The frame’s cable routing is clean and external. Integrated headset bumpers keep the dual crown fork from damaging the frame. Most of the frame’s tubeset features some degree of hydroforming while the suspension linkage is a strictly machined piece. Clean looking, custom titanium fasteners and dust covers adorn all of the pivots, and single tube is smoothly bent into a U to create the chainstays, reducing nooks and crannies where dirt might collect.

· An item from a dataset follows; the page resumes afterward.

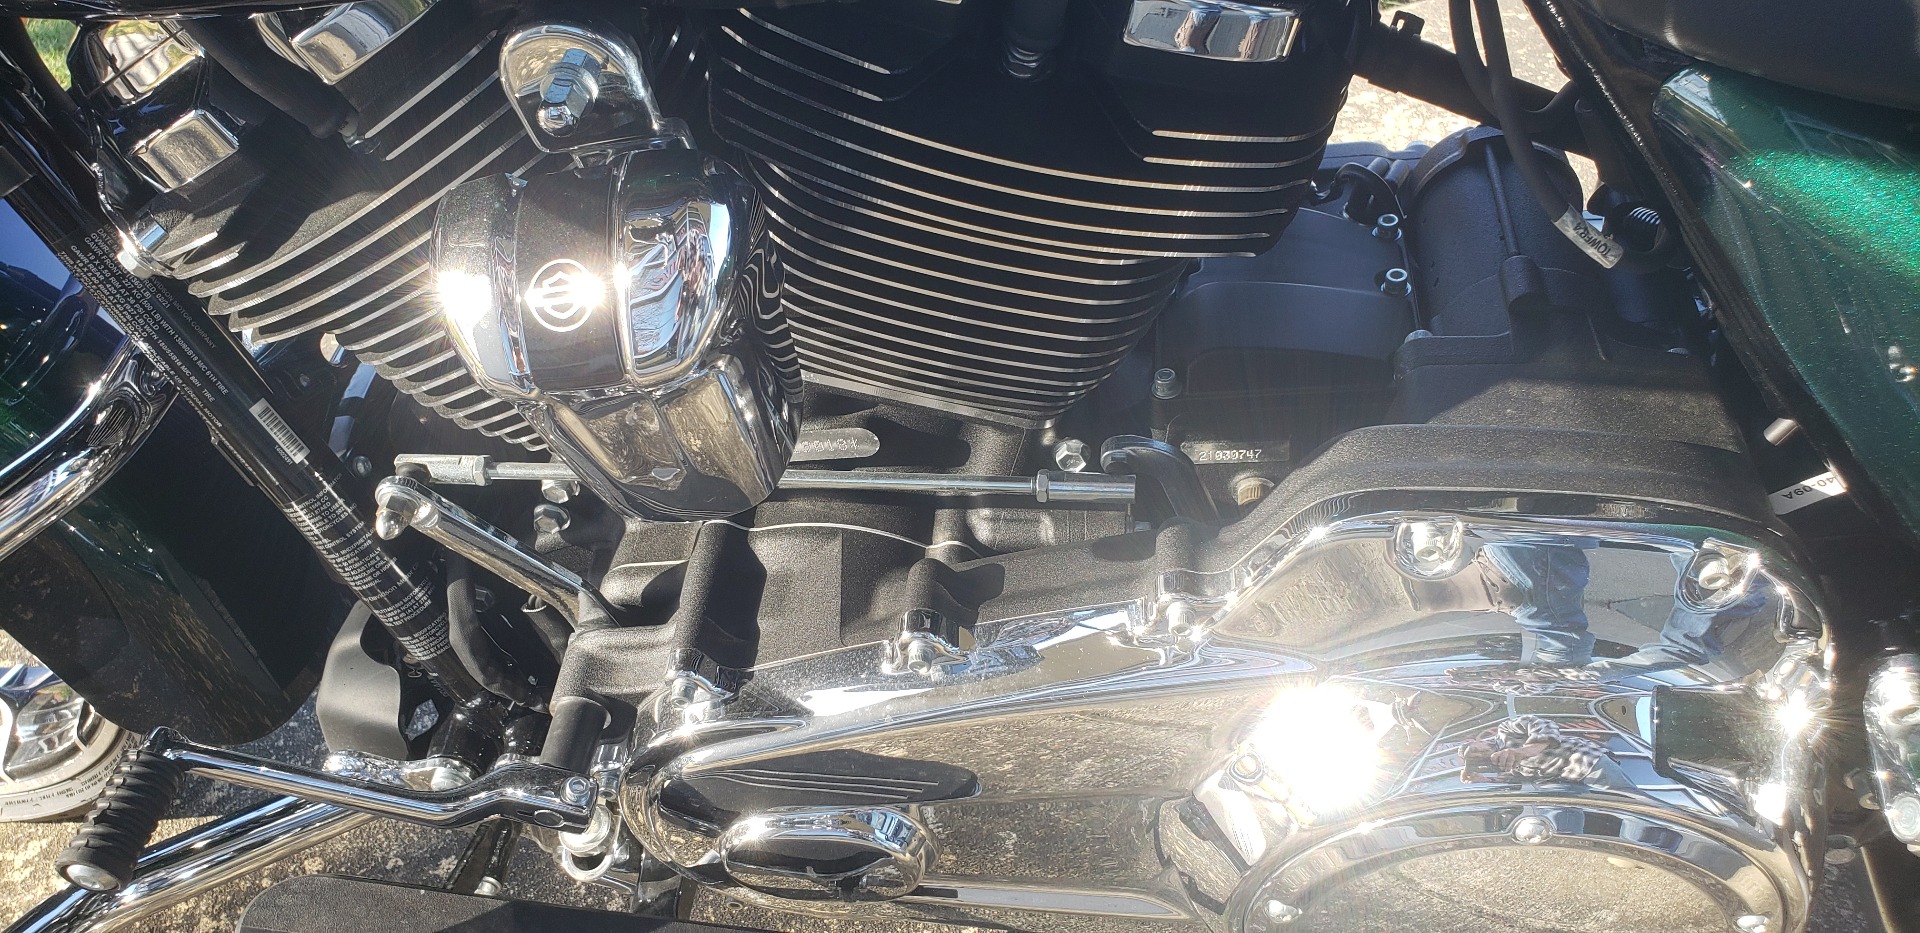 2021 Harley-Davidson ROAD GLIDE SPECIAL in Dumfries, Virginia - Photo 13

In terms of geometry, the Podium is pretty standard. The frame’s bottom bracket height isn’t low, at 13.94”, nor is it especially high. The head tube angle is moderate for a downhill bike at, 63.5 degrees, and the chainstay length is pretty average at 17.28”. The wheelbase is 46.81” for the Medium frame, and the 16.02” reach follows conventional downhill bike sizing (despite the new “longer-is-better” mentality that seems to be driving the design on some bikes these days).

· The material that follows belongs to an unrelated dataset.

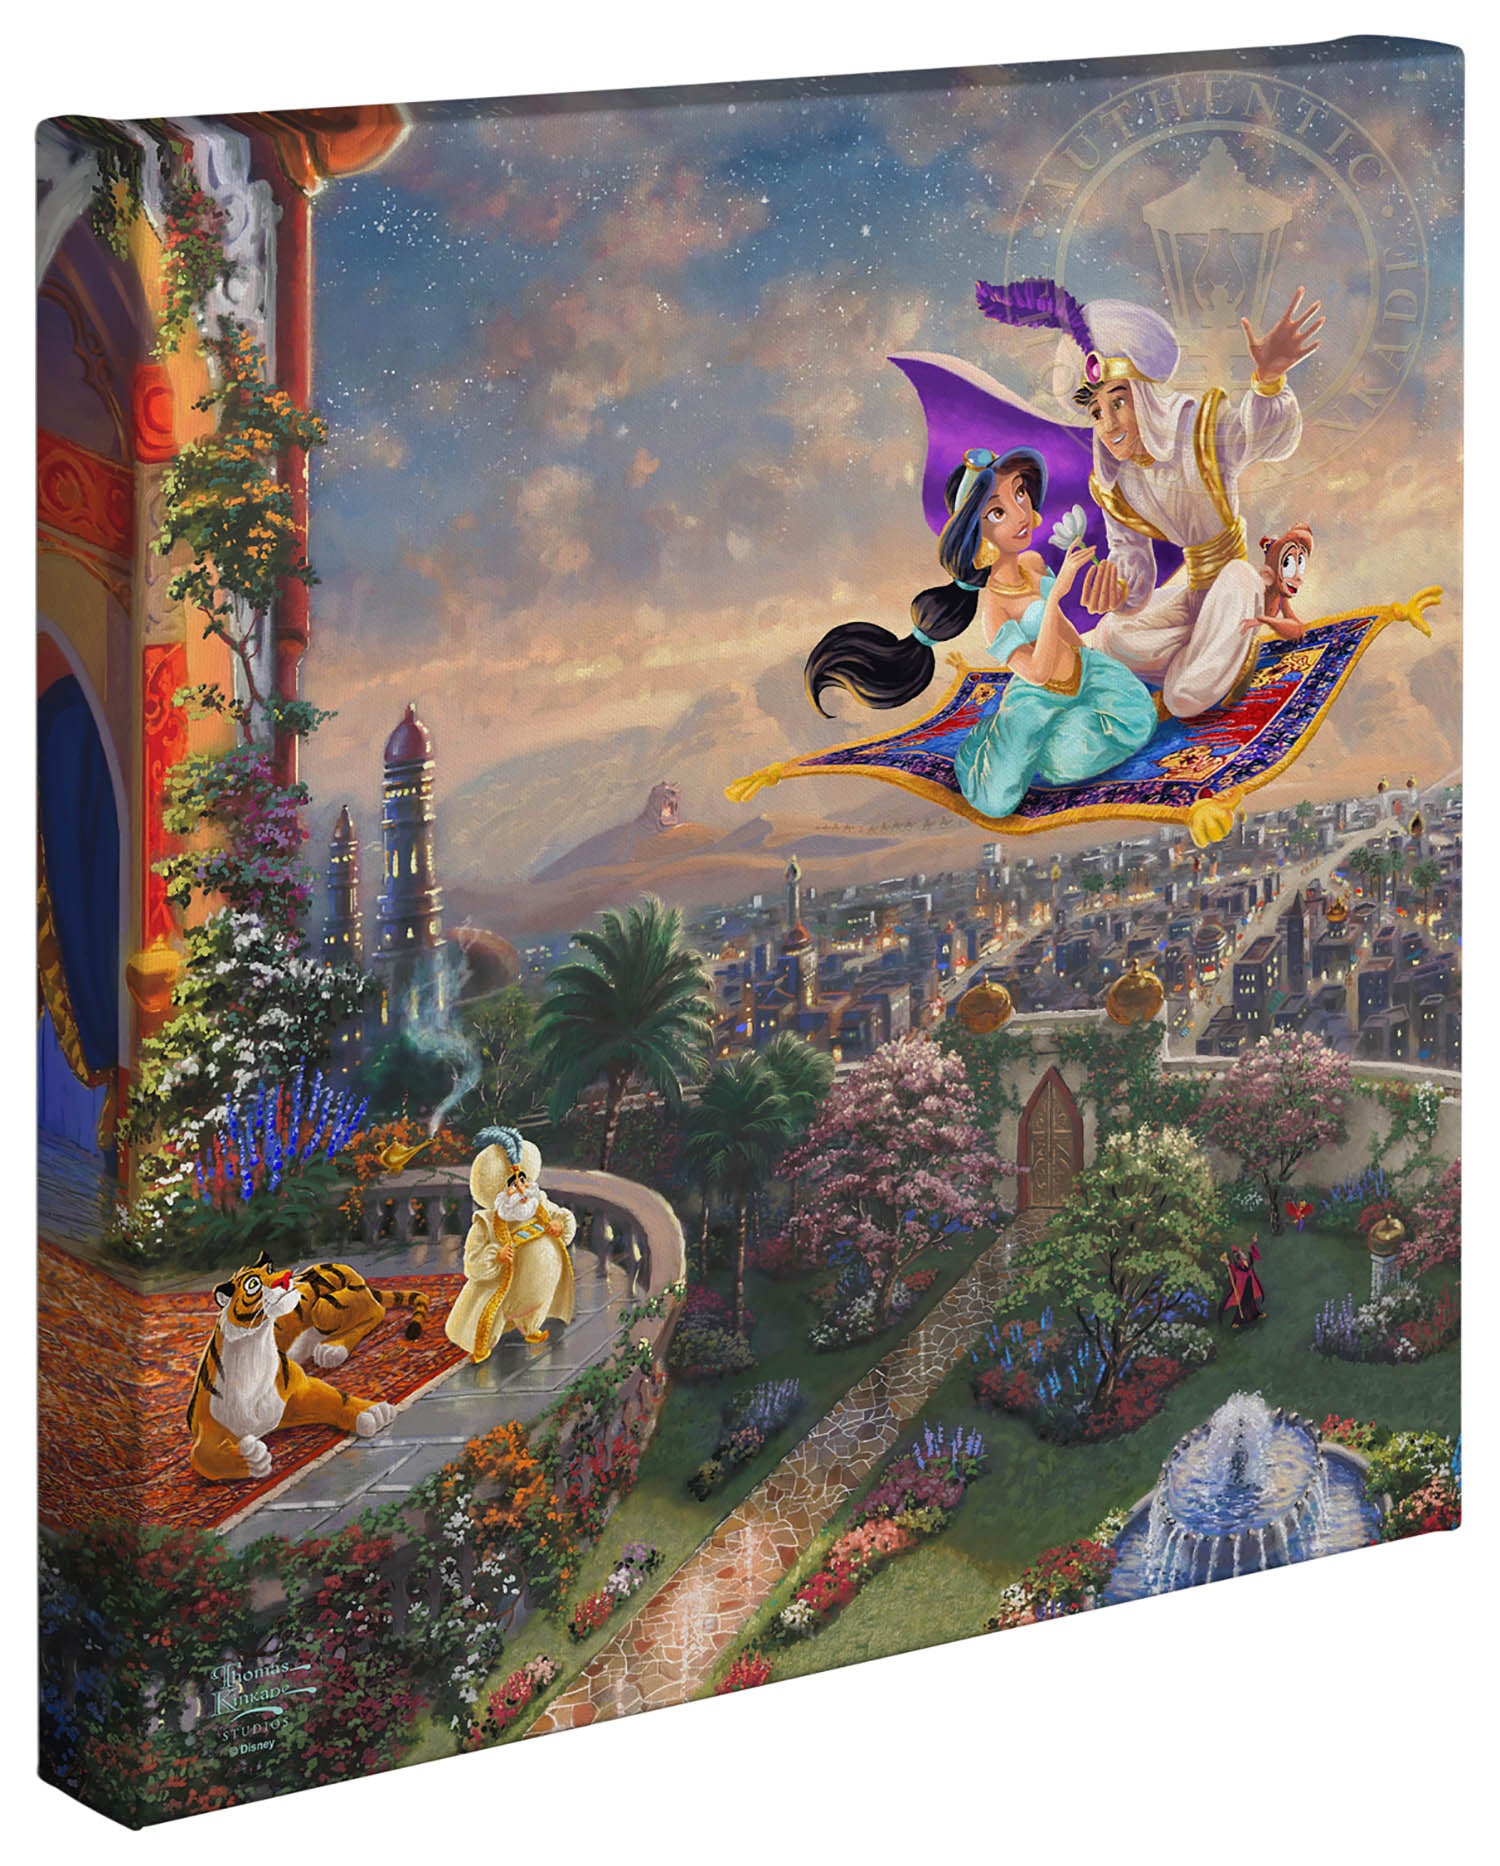 Thomas Kinkade 14 x 14 Gallery Wrapped Canvas Beauty and The Beast

*A quick side note while we’re talking about the Podium’s frame: Knolly has a drawing on their website that provides recommended torque specs for all of the frame’s fasteners. This is useful info that often very difficult to find. Thanks, Knolly.
The Ride
Handling & Sizing
Right off the bat, I felt comfortable on the Podium. The handling is relatively neutral, as the frame’s geometry suggested it would be. Through tight sections the bike felt just right; both nimble and composed. At higher speeds the bike did start to feel just a little short, but I only rarely felt like I might want to try a larger size. That said, if you do prefer bikes with longer wheelbases, I’d recommend getting on the Podium in both your normal size and a larger frame size for a test ride before you buy.

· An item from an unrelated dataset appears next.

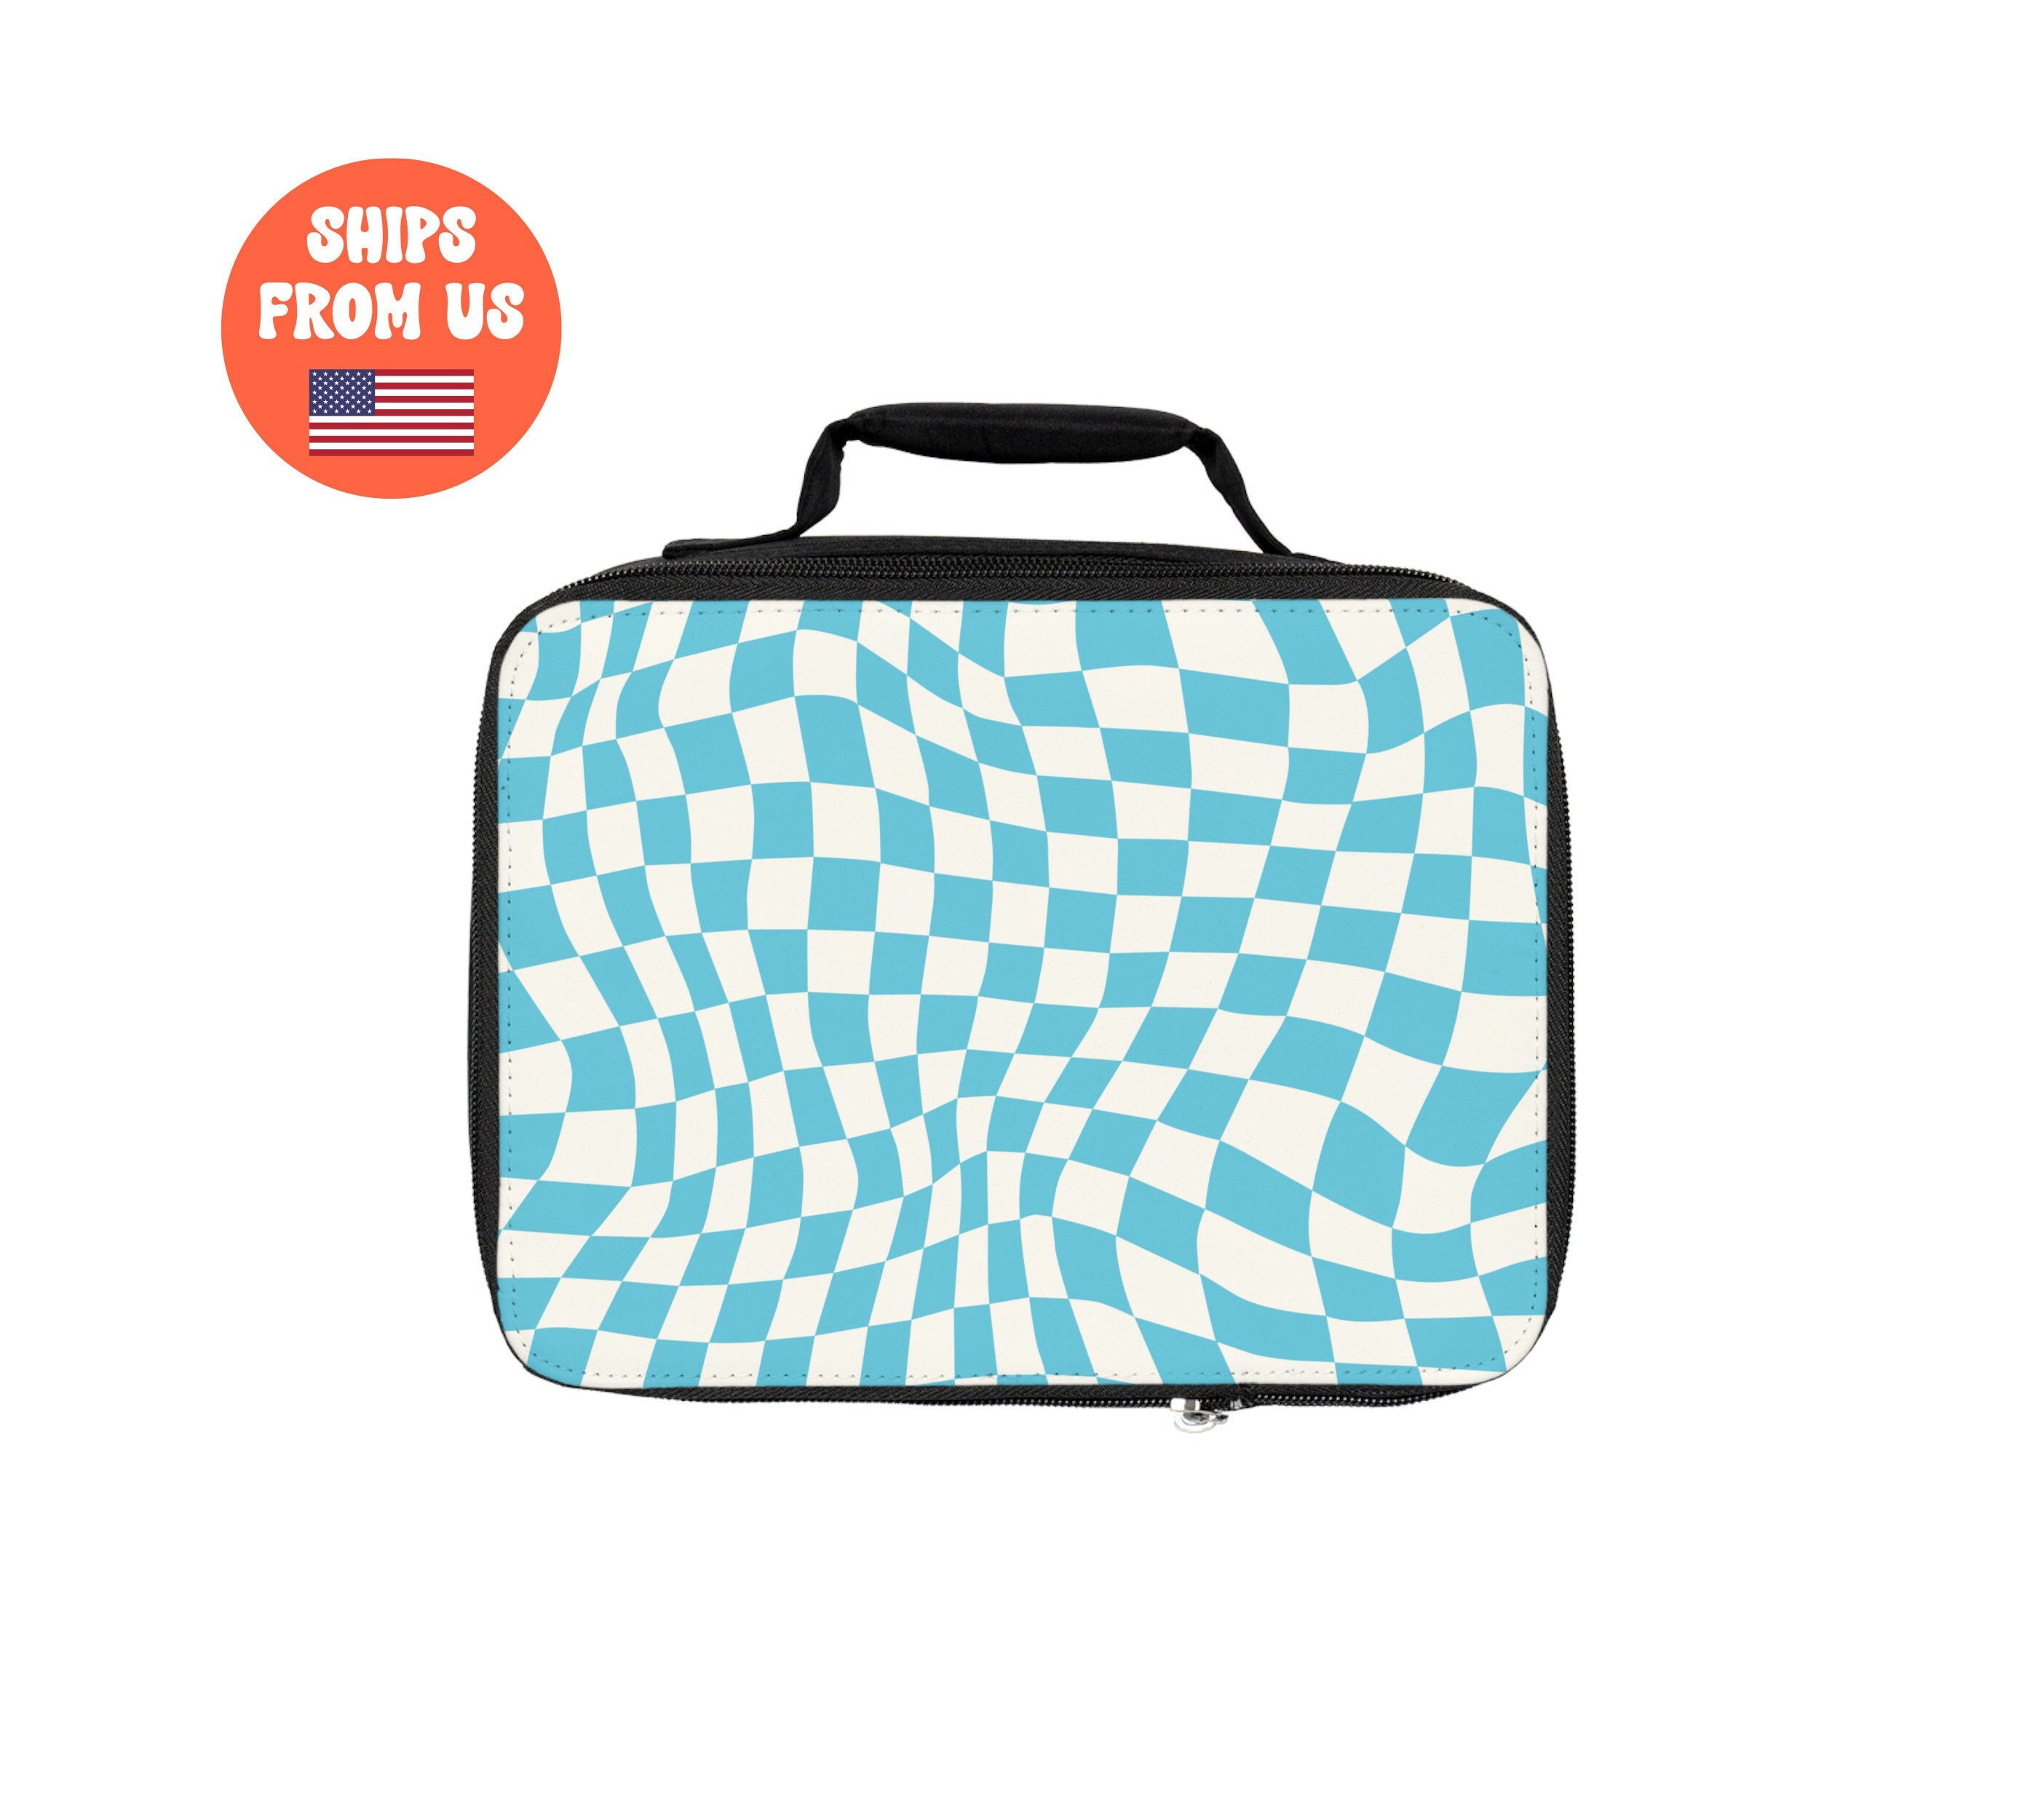  PasTard Checkered Lunch Bag Reusable Insulated Lunch Box Keep  Food Cooler Thermal Lunch Tote for Women Men: Home & Kitchen

Rear Suspension Performance
Knolly’s 4xFour suspension linkage has a unique look, wrapping around the seat tube which leans back, out from the down tube instead of emerging from the bottom bracket. The system might be looked at as a variant of Horst Link four bar suspension in that it features a pivot located on the chainstay below of and in front of the axle. However, it Knolly’s 4xFour adds a second, four-bar linkage to drive the shock. This allows the leverage rate to be tuned separately from the wheel path and the use of a full length seat tube.
The design of the Podium’s rear suspension is very active and yields great traction and good sensitivity, though at the expense of some pedaling efficiency. The primary advantage of a Horst Link four-bar suspension, though, is that grabbing a handful of your brake lever doesn’t inhibit rear suspension motion. This is most noticeable when braking through rough terrain, as the Podium feels smoother than a single pivot design, or one with a pivot on the seatstay.
With that said, while the bike didn’t tend to hang up on square edge hits, it didn’t make them disappear, either. It absorbed chatter reasonably well and handled large impacts with composure, but was second in this regard the Specialized S-Works Demo 8, which carried speed through the rough better than any bike we tested in Whistler. In steep technical situations, the Podium’s rear suspension did a reasonable job of providing braking traction when there wasn’t much available, smoothly handling g-outs using most of the travel, but didn’t bottom out harshly or flex laterally/squirm.
The bike felt very predictable and stayed in the middle of the travel through high-speed berms, though Noah Bodman and I both thought the Podium didn’t feel quite as grippy in these situations as the S-Works Demo with the ÖhlinsTTX22M shock.
Of course, the fact that the Podium and Demo run two different shocks makes it hard to say for sure how much of this difference in performance was due to their different suspension geometries. But, for what it’s worth, the Podium’s longer chainstays seemed to make it easier to get the fore-aft weight balance correct when transitioning out of steep pitches. So given the opportunity to try an ÖhlinsTTX22M (or some very similar shock) on the Knolly, I wouldn’t be surprised to find it come out ahead of the S-Works Demo through a berm.